Tedavide 15-20 sene öncesine göre çok çok iyi durumdayız, çok yeni ve etkili ilaçlar var ama bunların hiçbiri tedavi edici nitelikte değil. Son ve kesin tedavi nakildir. Nakil konusunda da son zamanlarda büyük aşamalar kaydettik. Buradaki en büyük engelimiz donör yani organ bağışı. Organ bağışının daha da yaygınlaşması gerekiyor. Çocuk hastalar için bir başka engel de çocukların beden ölçüleri nedeniyle organ nakillerinde biraz daha dezavantajlı konumdalar. Bir yetişkinin akciğerini diğer bir yetişkine takmak daha kolay olsa da bir yetişkinin akciğerini bir çocuğa takamazsınız ölçüler anlamında dolayısıyla o bedene uygun bir akciğer bulmanız lazım.

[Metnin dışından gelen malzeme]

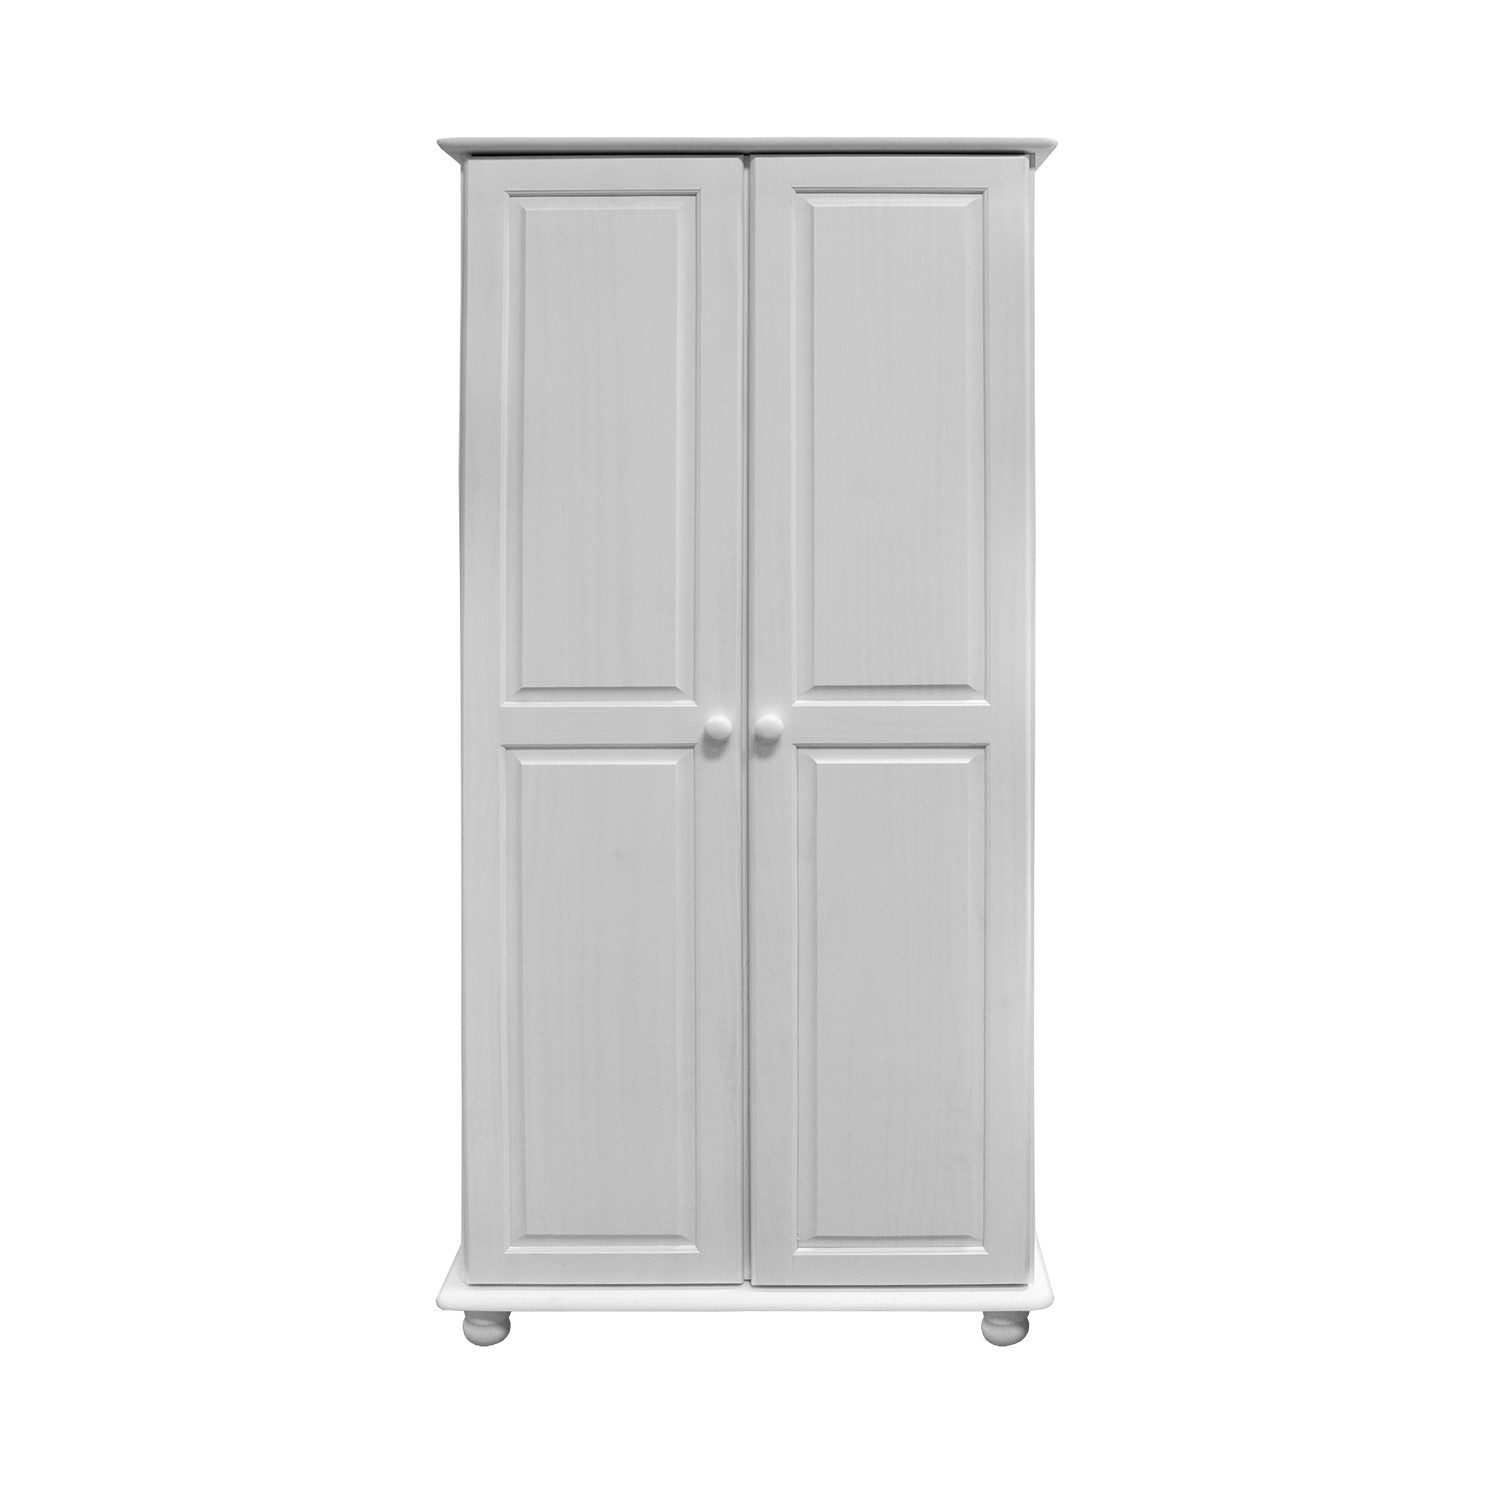 IDEA Шкаф 2-дверный 8860B белый лак

Bu da akciğer vericisi, donör şansını daha da azaltıyor. Kesin tedavi orada diyebiliriz. O da tabii kendince sınırlılıklara sahip ama bu hastalığın net bir tedavisi yok. Fakat yeni geliştirilen ilaçlarla bizim için asıl önemli olan bu hastaların yaşam kalitelerinin arttırılması ve nakil için geçen sürede yani bekleme süresinde çok kaliteli bir yaşama sahip olmaları.